Frederick Schmitt, vice president of the Sage Group, an investment banking firm in Los Angeles, said Kellwood's decision to shut businesses would lead to greater profitability.

"It's the right move for Kellwood. It's necessary for them to improve their profit margins and this is a good place to start." As for the brands being disposed, he said, "They're money-losing brands. Kellwood needs to migrate toward brands with higher gross margins. It's my estimate that these brands generate the lowest gross margins within the Kellwood company."

Some industry consultants said Kellwood needs to focus on the type of company it wants to be.

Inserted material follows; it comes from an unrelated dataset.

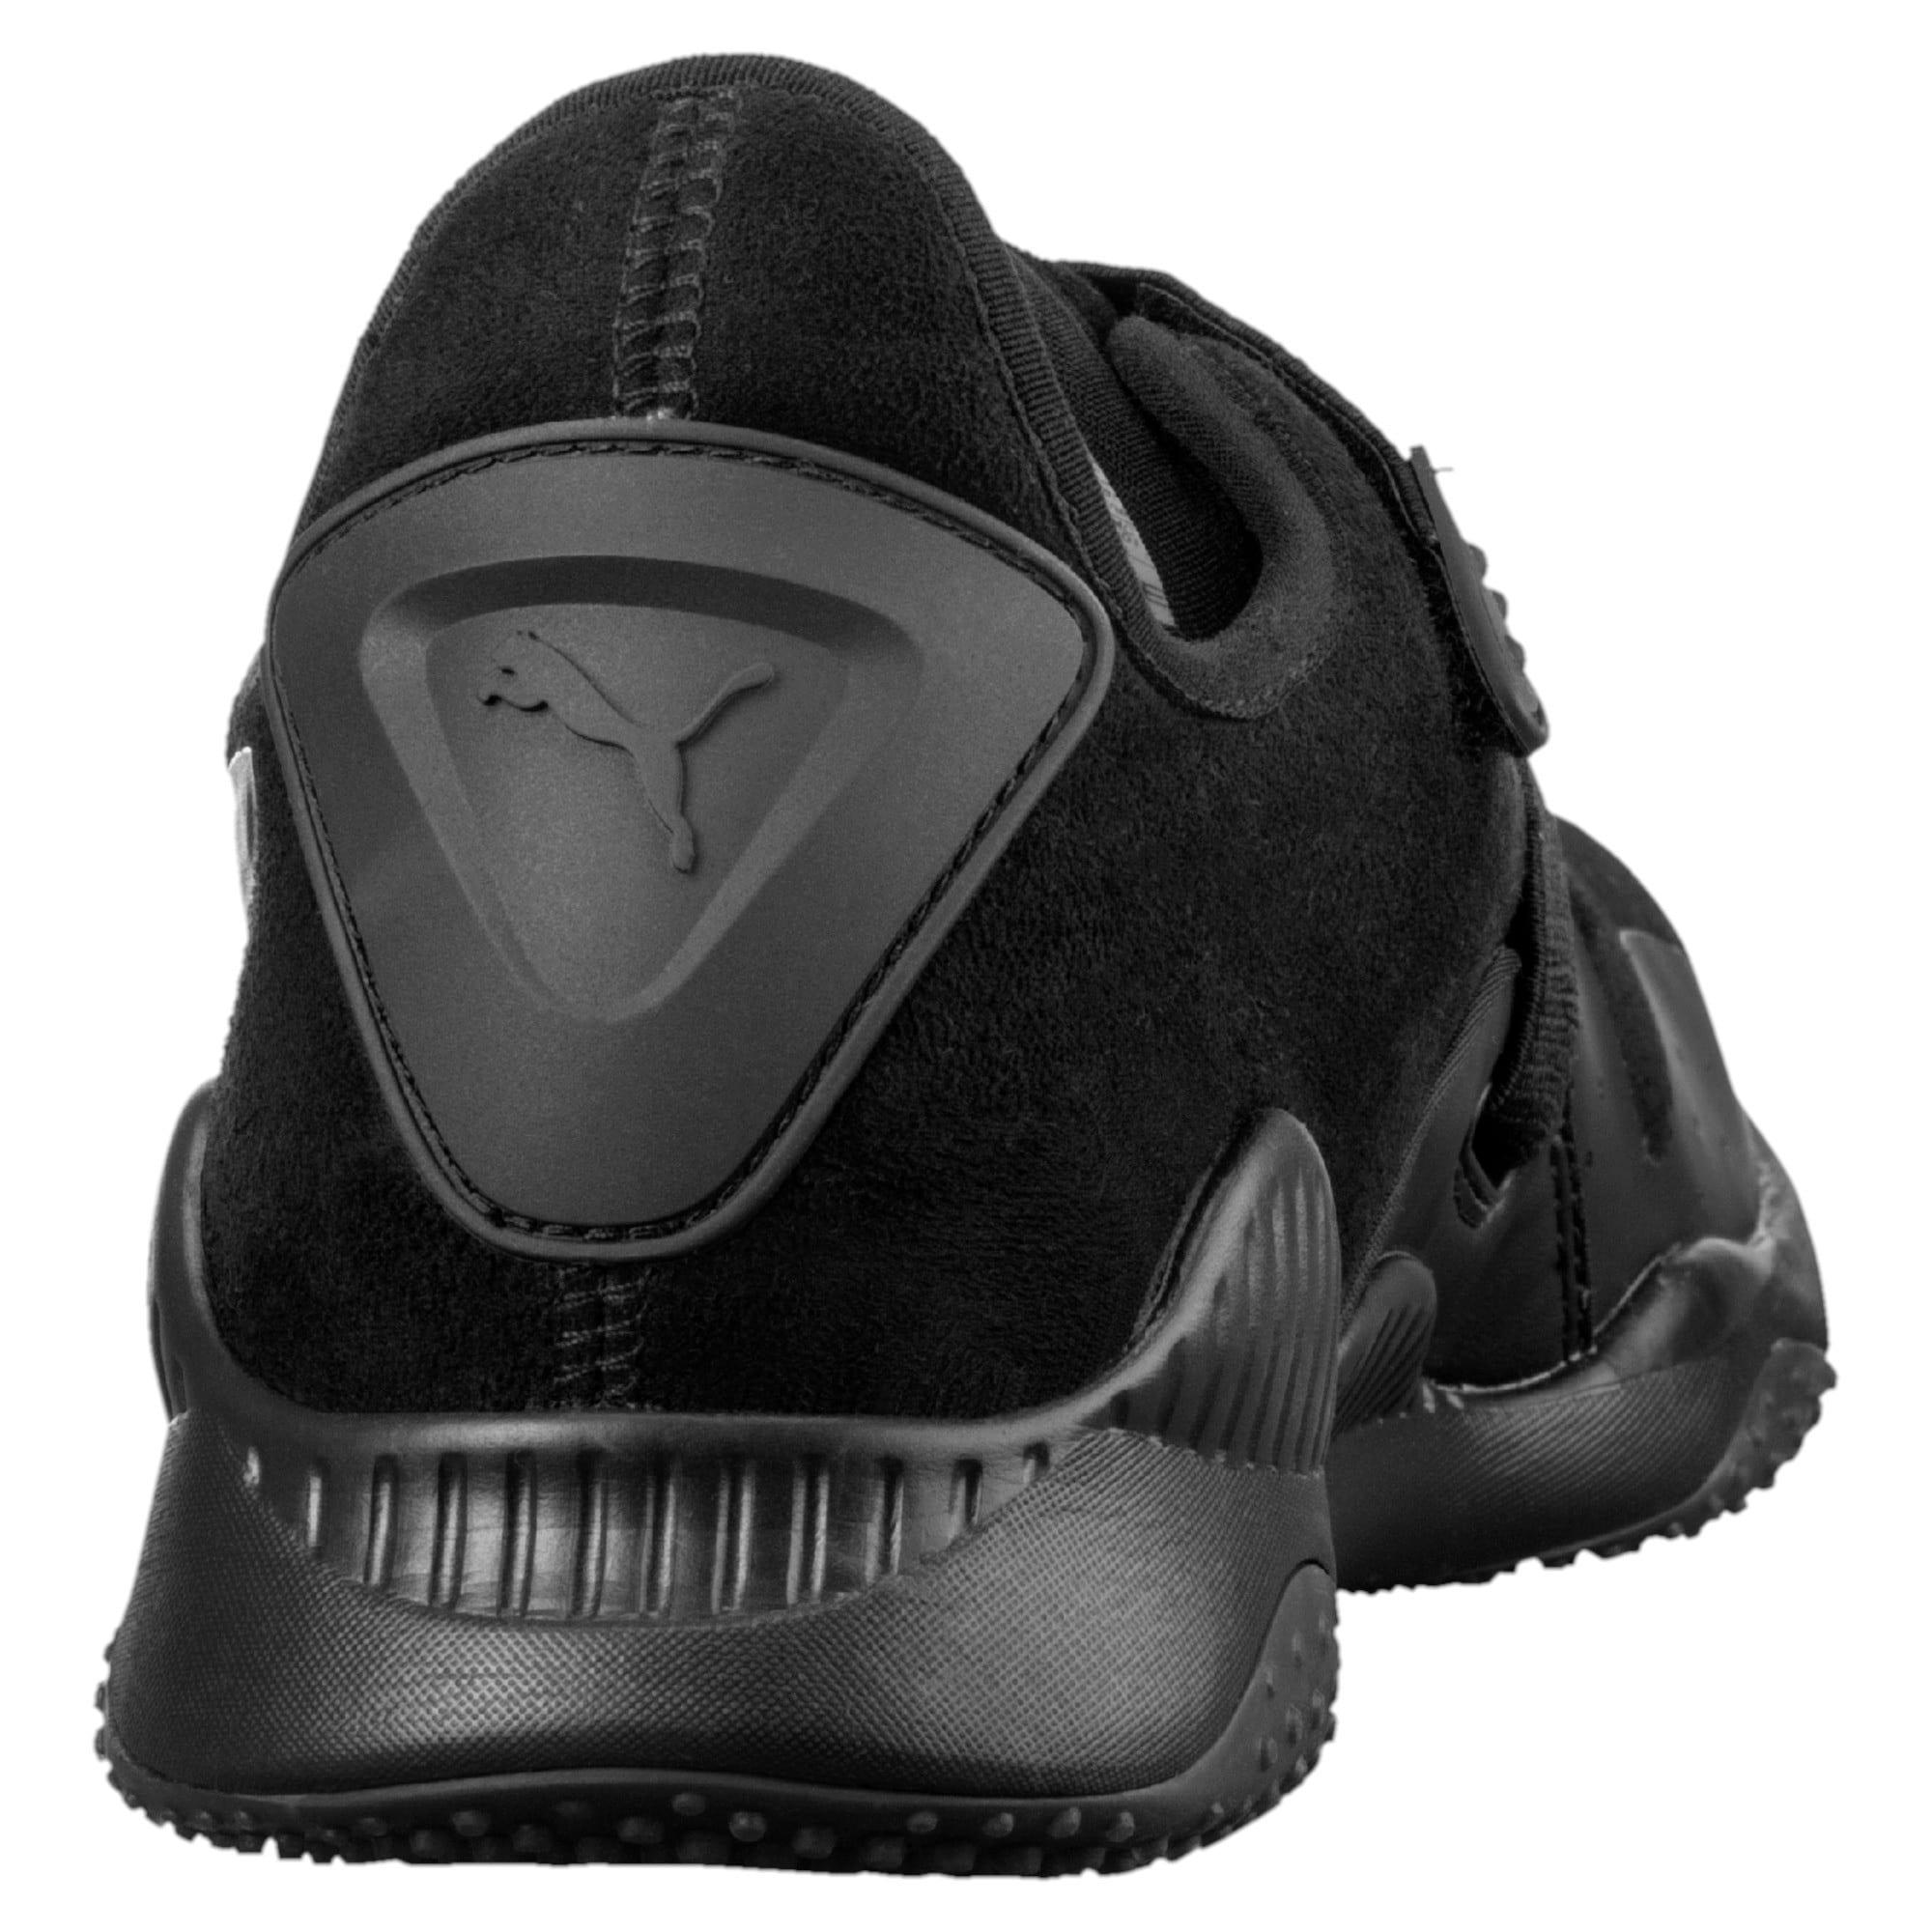 Thumbnail 3 of Mostro Hypernature Trainers, Puma Black-Puma Black, medium-IND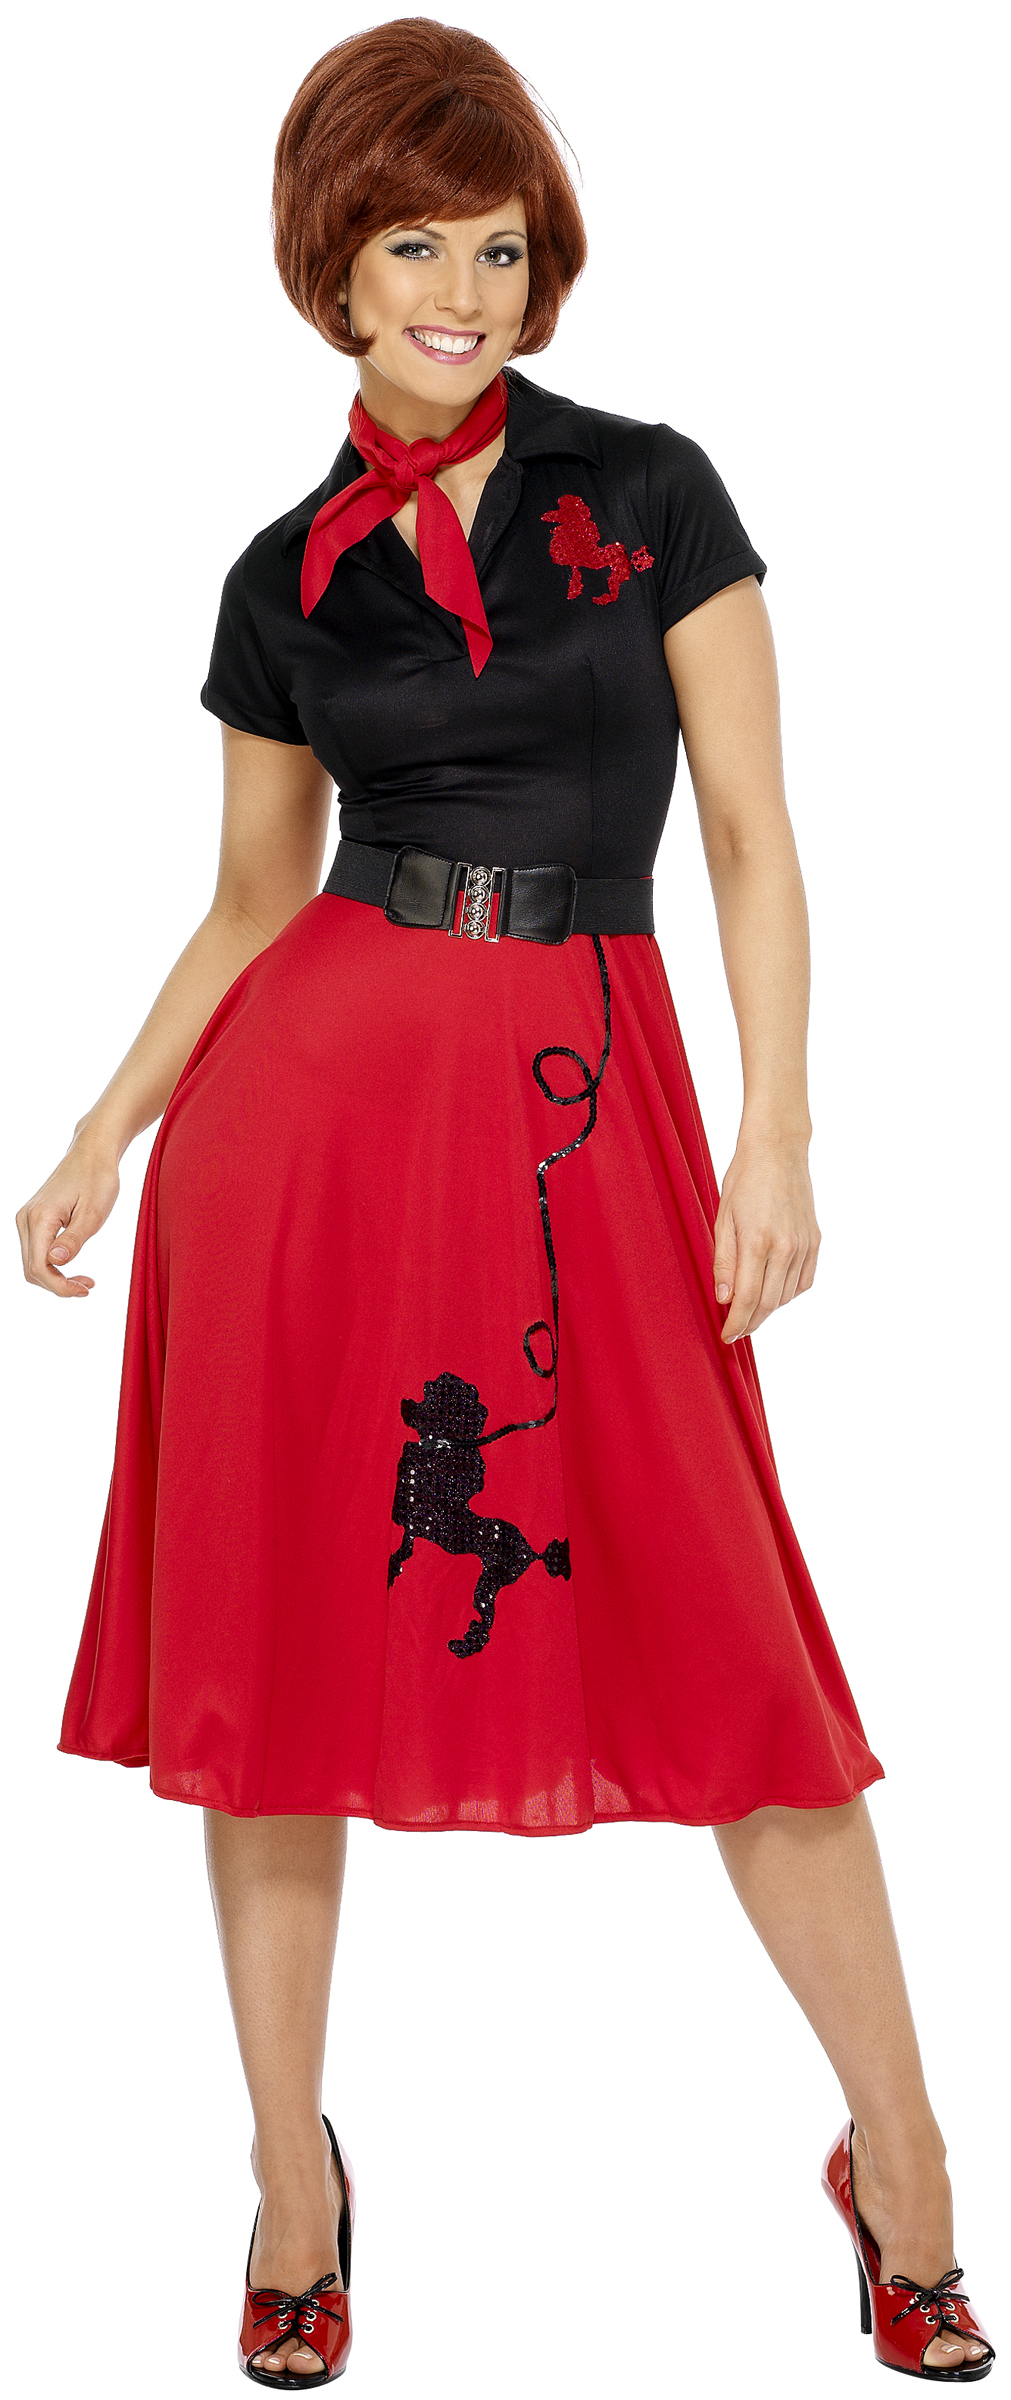 c776167ab79d 50er Jahre Kleid Rock n Roll Kostüm rot-schwarz , günstige Faschings  Kostüme bei Karneval Megastore

"It was a very smart, if not essential, strategic move," said Robin Lewis of Robin Lewis Inc., strategic consultant and publisher of the Robin Report. "In [president and chief executive officer] Bob Skinner's own words, it will allow them to better focus on building a top branded apparel company — and I might add this will also allow them to better focus on and leverage their considerable supply chain skills more efficiently and effectively."